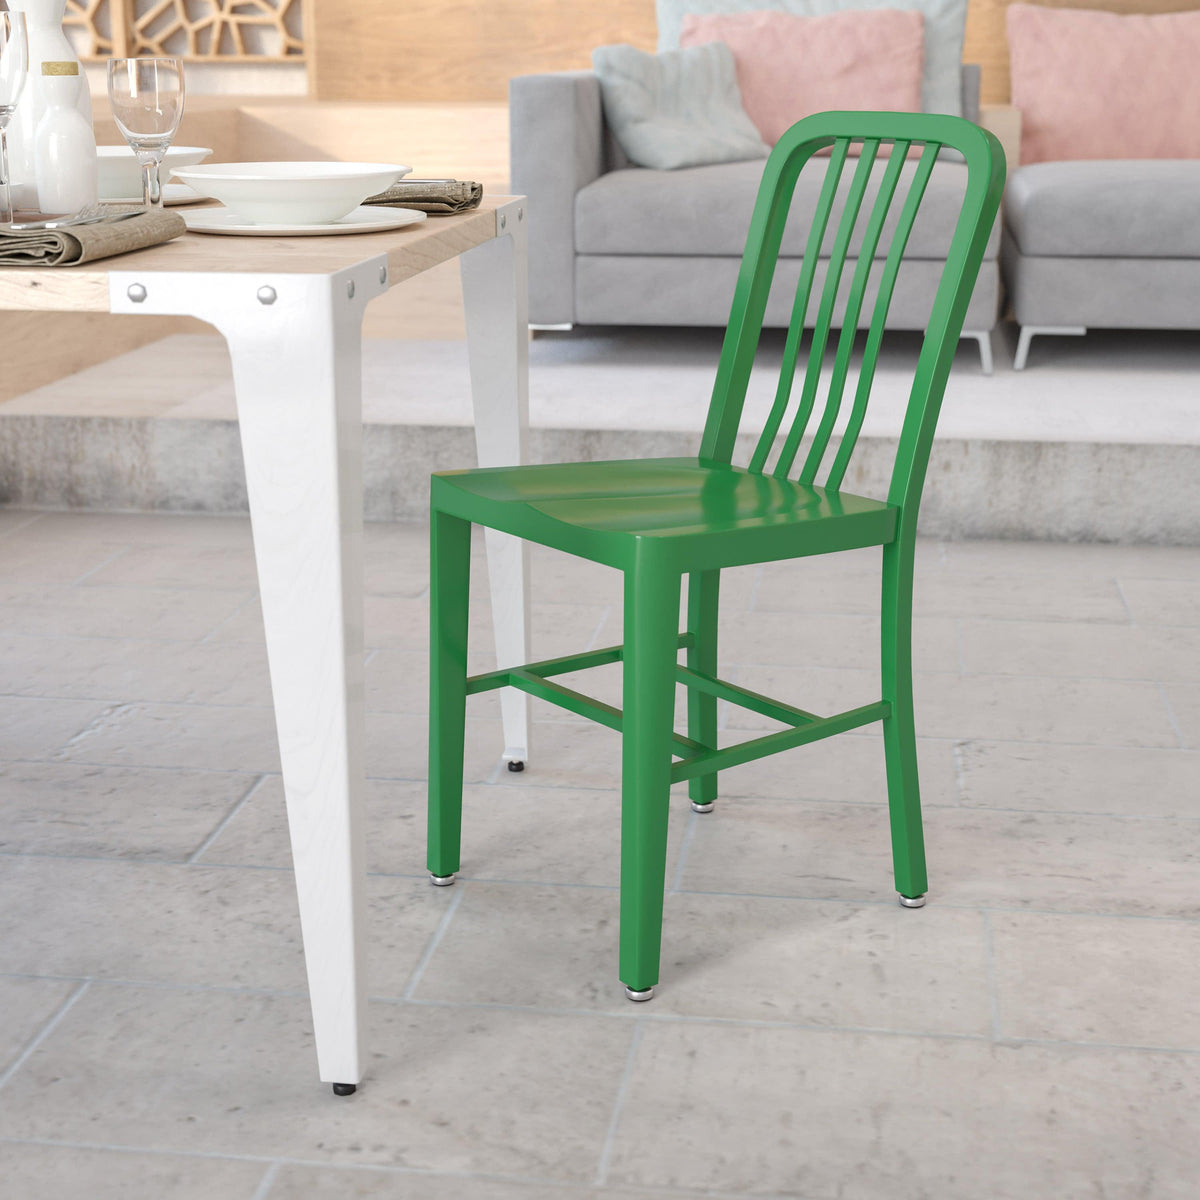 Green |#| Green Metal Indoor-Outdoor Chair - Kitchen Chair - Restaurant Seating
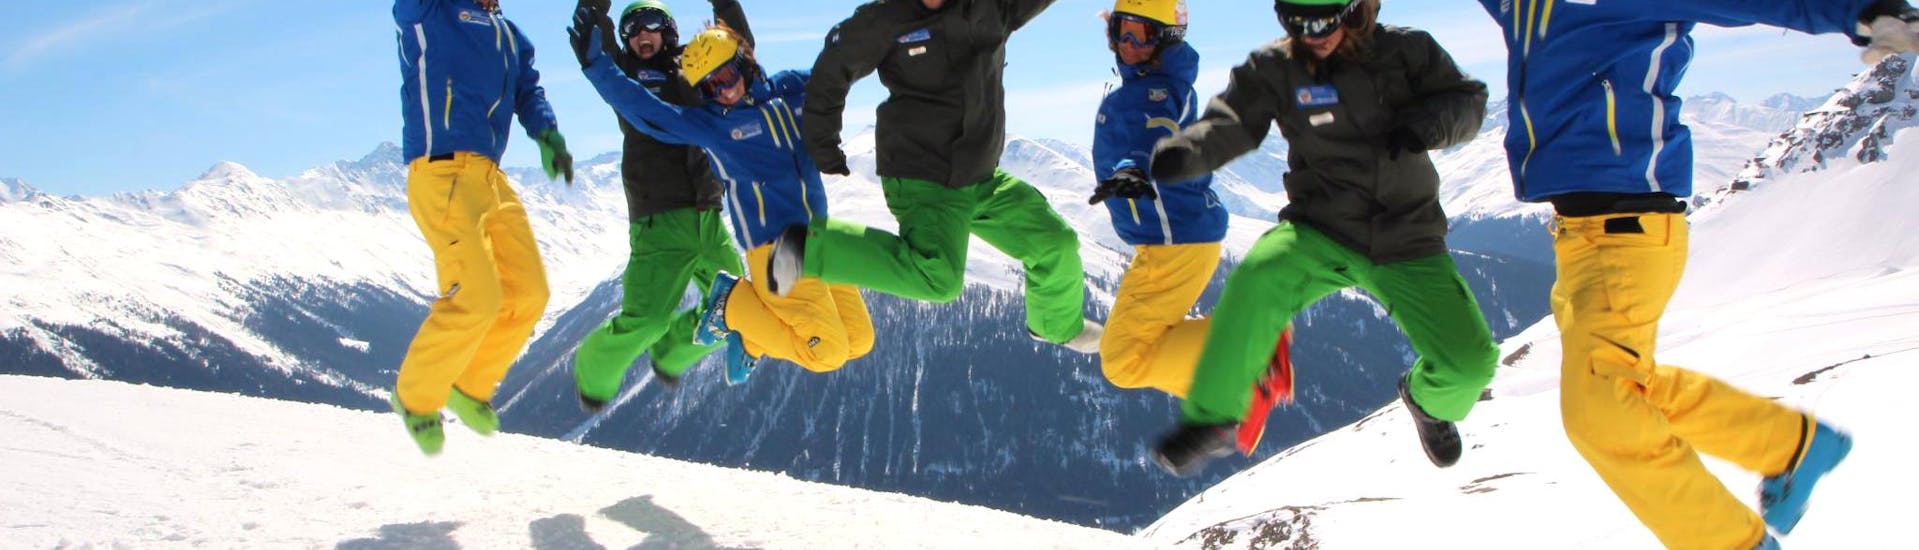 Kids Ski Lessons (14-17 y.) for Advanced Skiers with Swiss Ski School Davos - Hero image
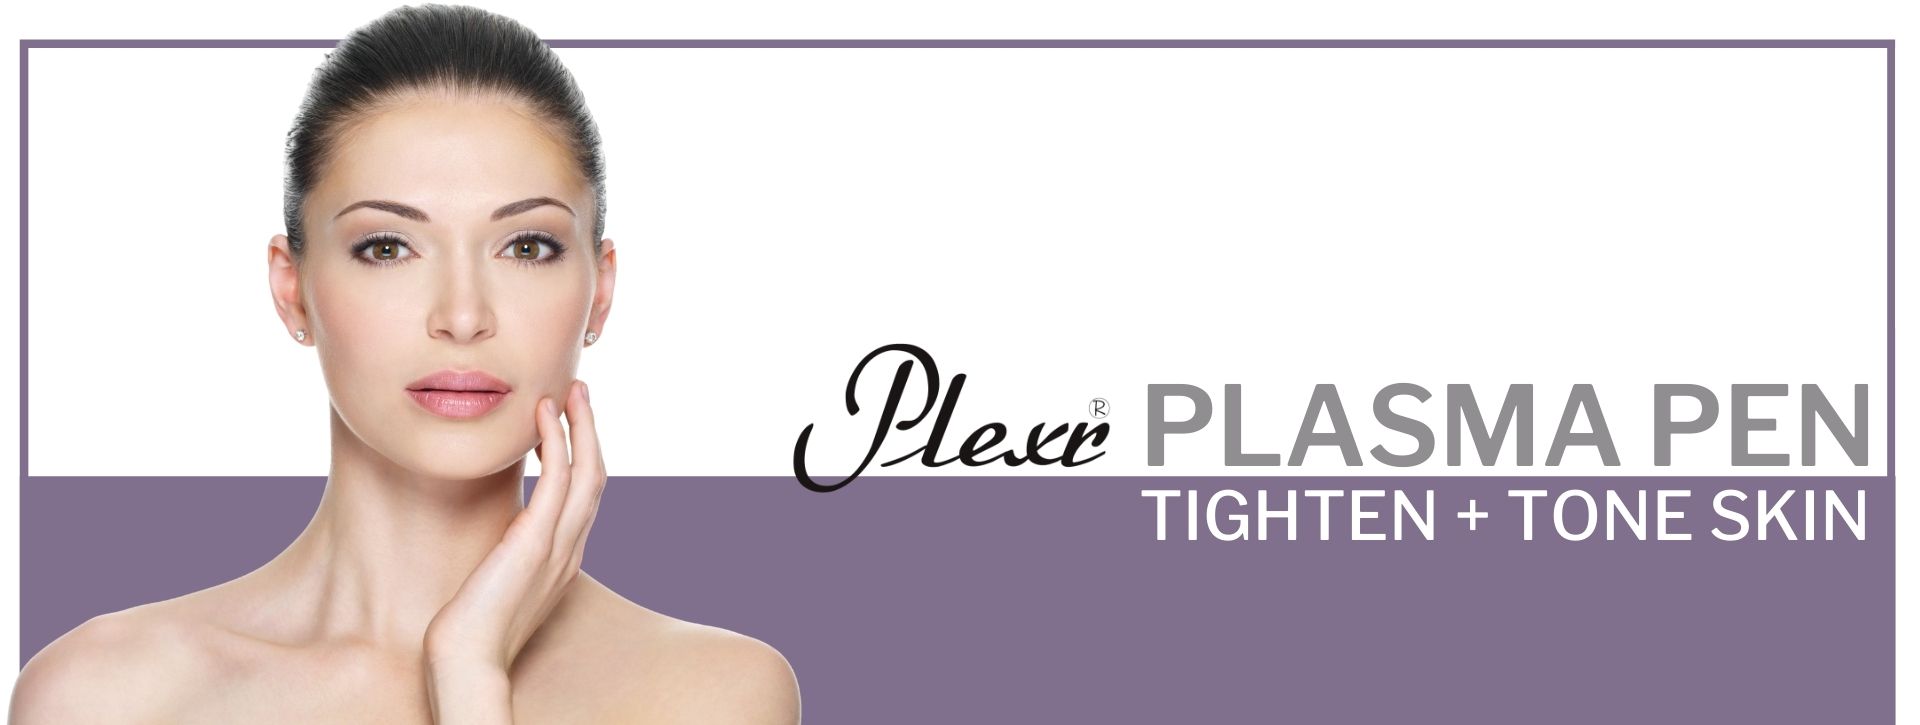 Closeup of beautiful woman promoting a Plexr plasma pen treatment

> [PROBLEM DESCRIPTION]
Copy the preceding data in full and word for word, dropping its pictures.

> [RESPONSE TO THE EXERCISE]
 Green |#| Green Metal Indoor-Outdoor Chair - Kitchen Chair - Restaurant Seating
 Kids Ski Lessons (14-17 y.) for Advanced Skiers with Swiss Ski School Davos - Hero image
 Closeup of beautiful woman promoting a Plexr plasma pen treatment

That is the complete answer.